As Ann Friedman at The Cut recently argued, feminism may unfortunately play something of a role in this bewildering turn of events. “Women have internalized the feminist message that we’re beautiful just the way we are, and we accept that everyone’s life is imperfect, but still can’t stop judging each other — and ourselves,” she writes. “So we end up doing much of the same work our foremothers did to appear pretty and stylish and well-rounded, but we pretend it isn’t work. We pretend we aren’t even doing it.”
This is why Zellweger’s face puts us off, because it reminds us that she’s had work done and we’d prefer to think that somehow there’s a way to be 45 without looking 45 that doesn’t require work. She probably didn’t mean to do this to all of us, of course. Most plastic surgery patients would very much prefer it if no one noticed their work and instead thought they were blessed with good genes instead. But some, because of the shape of their face, just can’t get away with the trick of getting plastic surgery without it becoming glaringly obvious to everyone who is looking at them. It appears Zellweger is one of those people.

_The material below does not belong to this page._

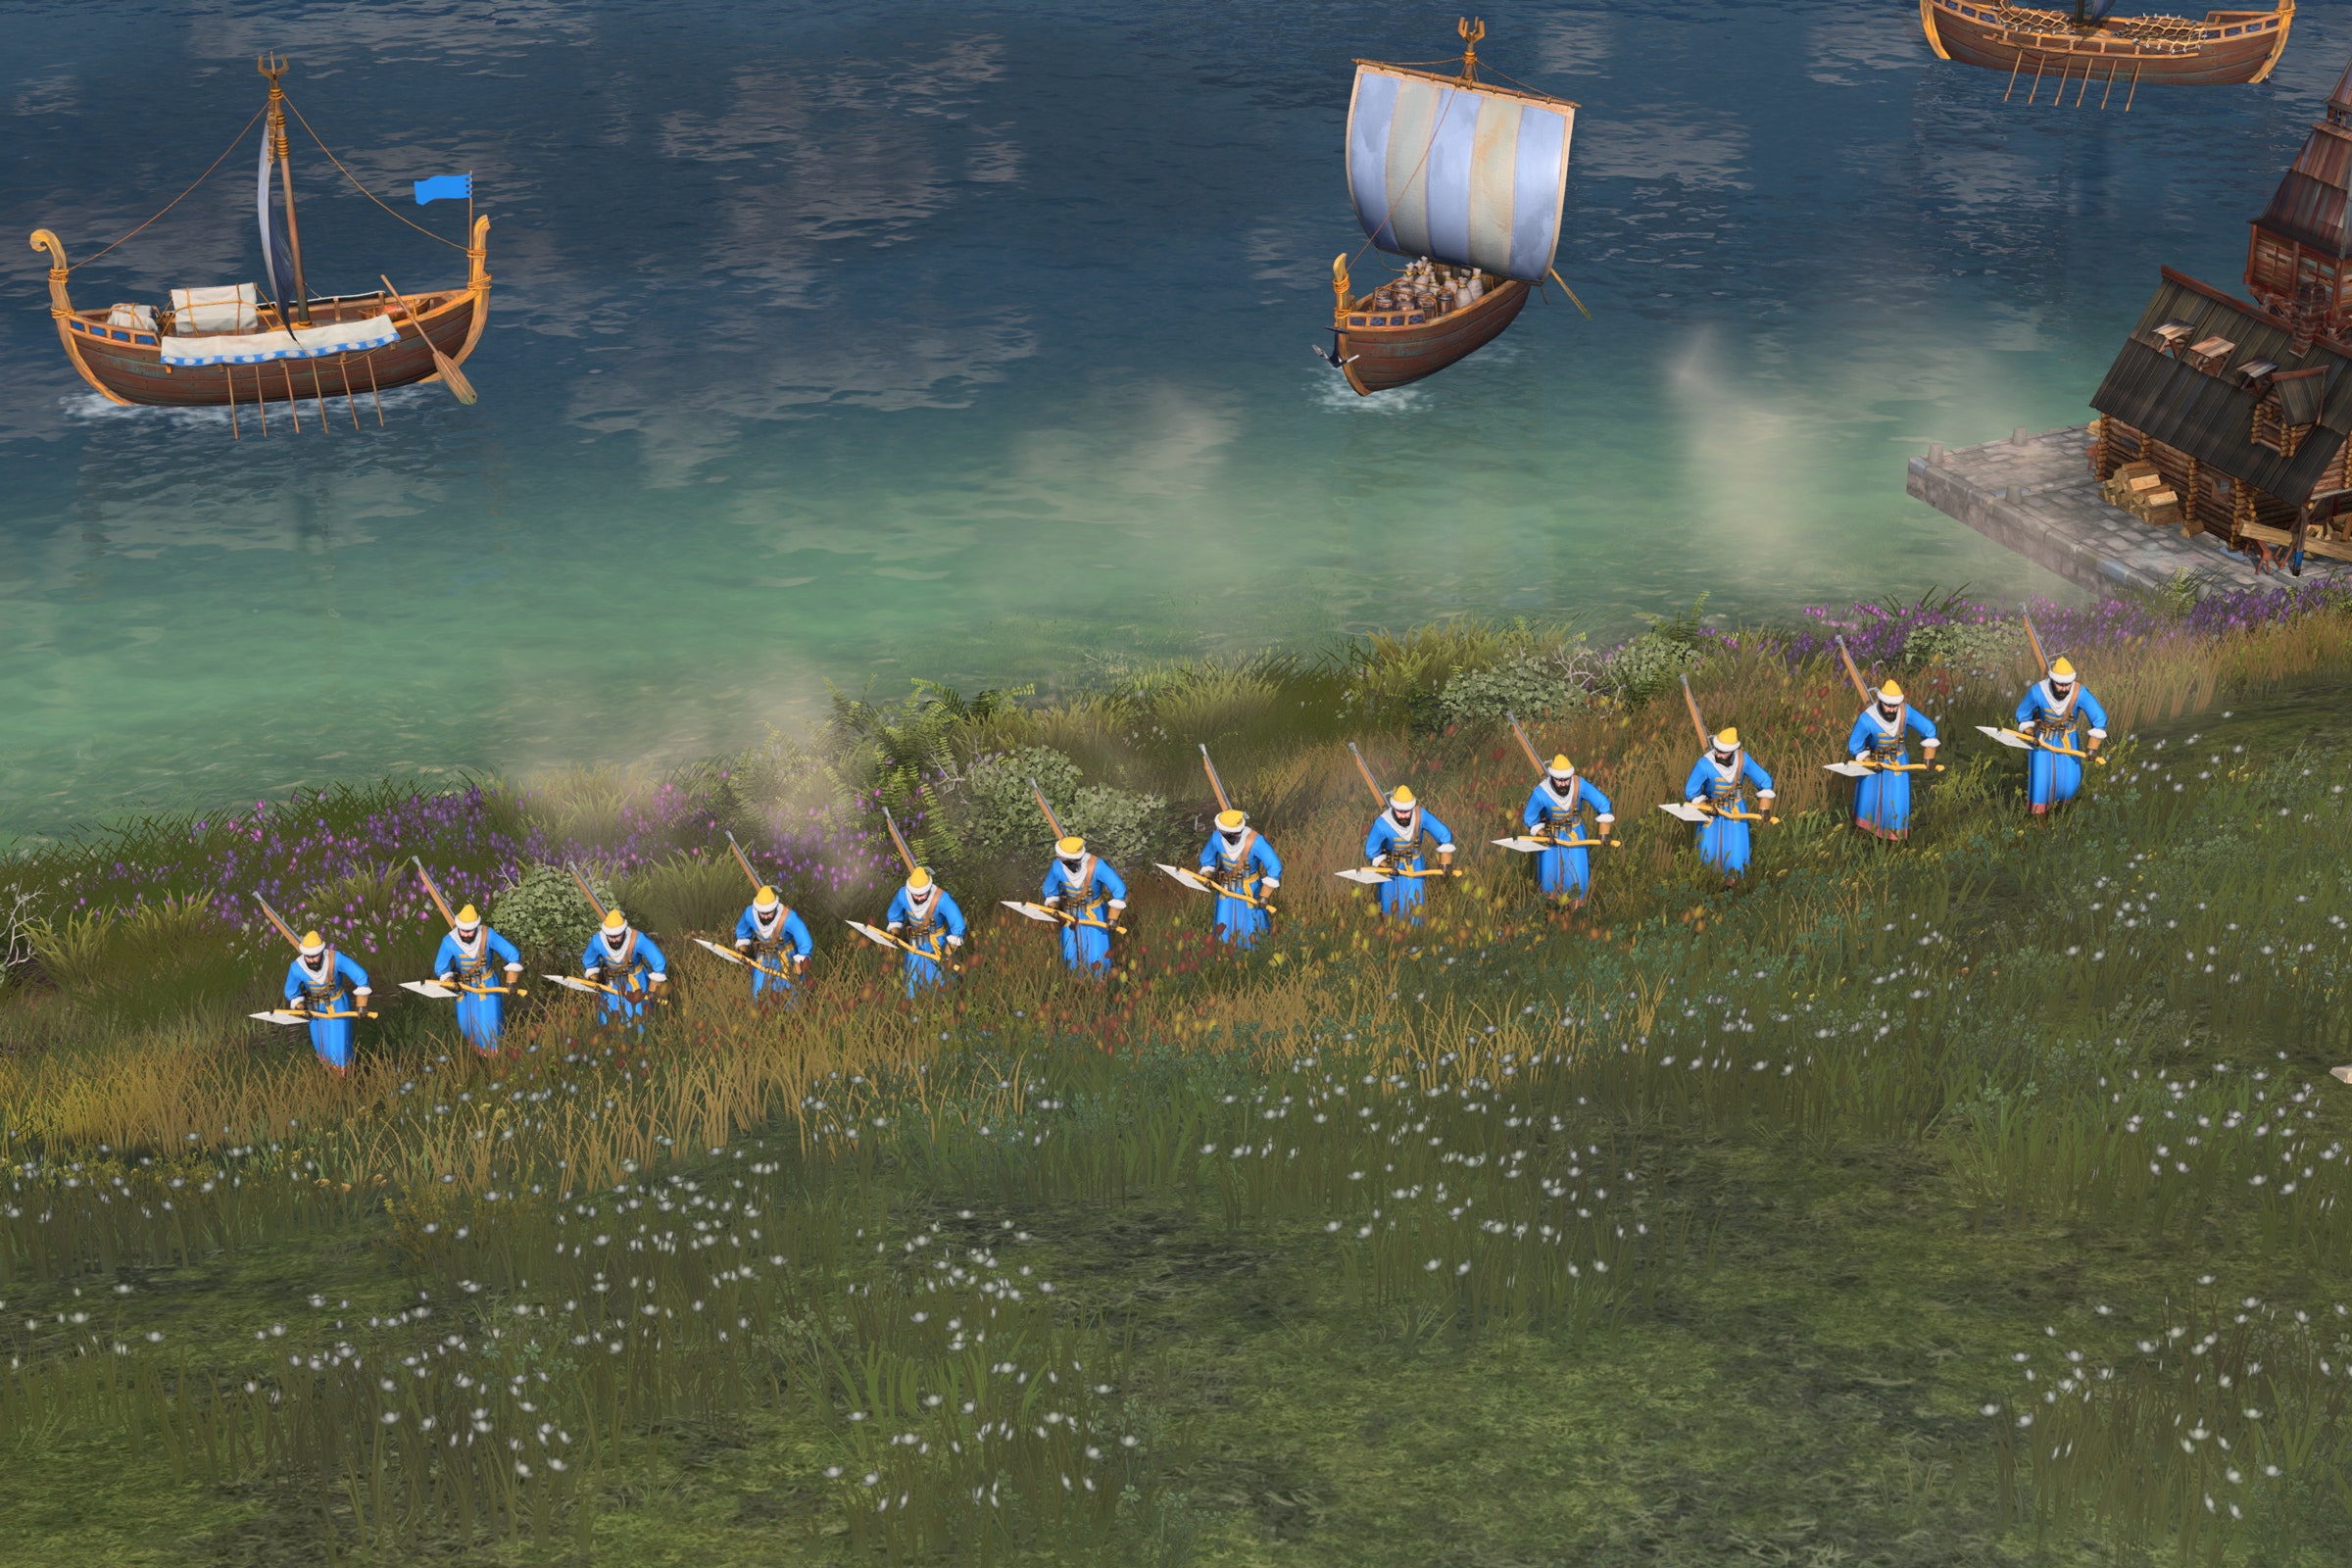 Age of Empires IV Is a Stable Plot Game Stuck in the Past

But instead of judging her or asking her a bunch of obnoxious questions, we should be asking ourselves why it is that we’ve fallen into this trap of wanting things to look “natural” while simultaneously hating what natural actually looks like. Perhaps this should be an invitation to everyone to stop pretending that effortless perfection is a thing that exists in the world.

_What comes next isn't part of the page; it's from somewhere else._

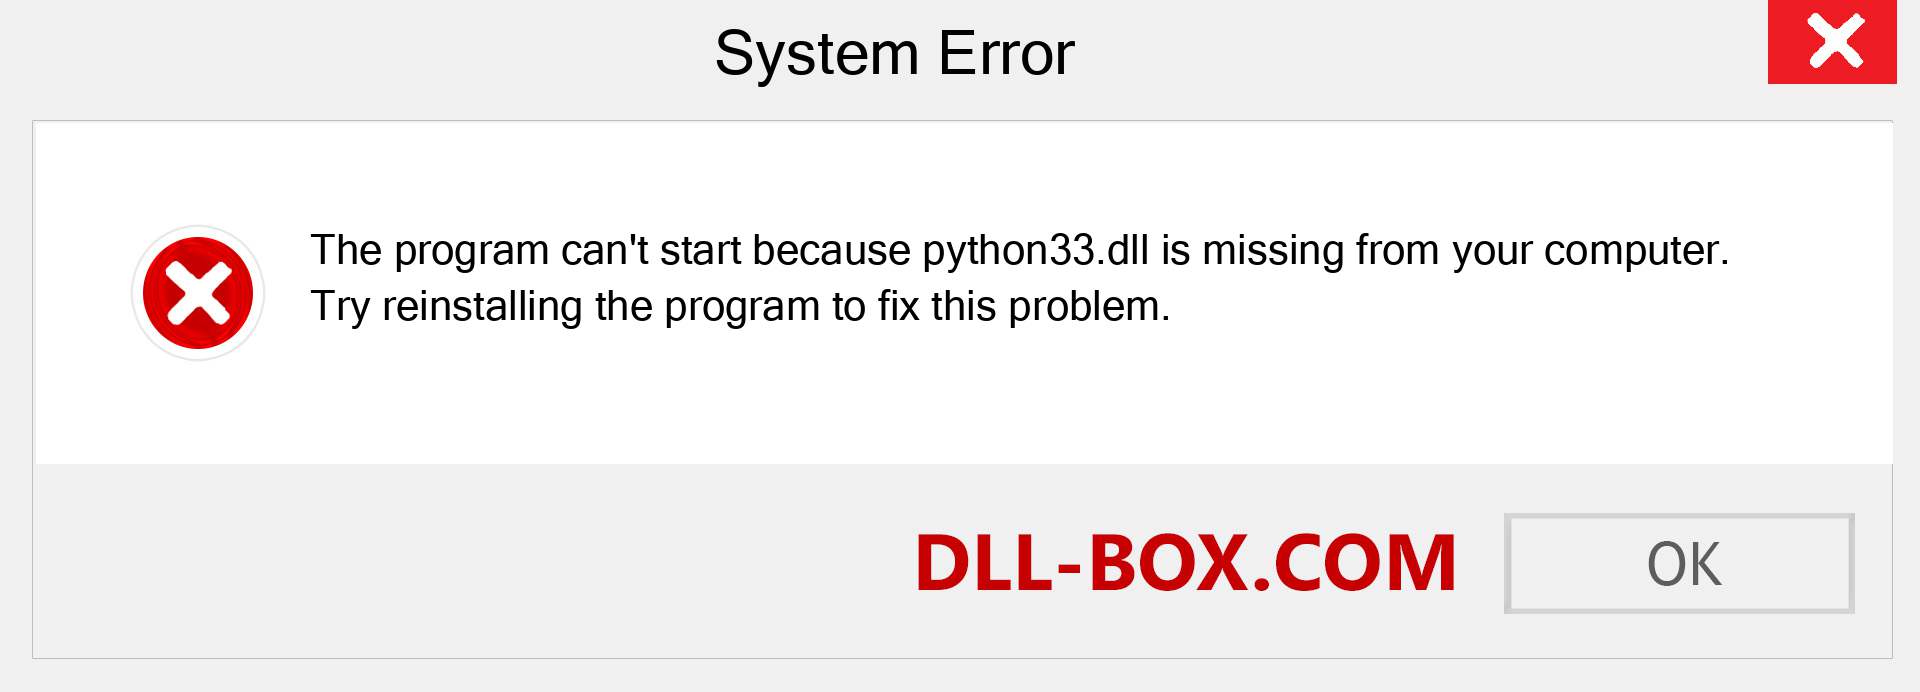  python33.dll file is missing?. Download for Windows 7, 8, 10 - Fix  python33 dll Missing Error on Windows, photos, images

All of which is why it’s refreshing to see the positive response that Viola Davis got for a scene on her hit show How to Get Away With Murder where her character, Annalise Keating, sits down and removes her wig, false eyelashes, and make-up before confronting her husband. The moment was symbolic of “coming clean,” of course, but for women in the audience, it was something else: A reminder that it does, in fact, take a lot of work to look this fabulous. And there’s nothing wrong with it and we should admit out loud how much work it is, instead of pretending that we never pay any mind to our appearance.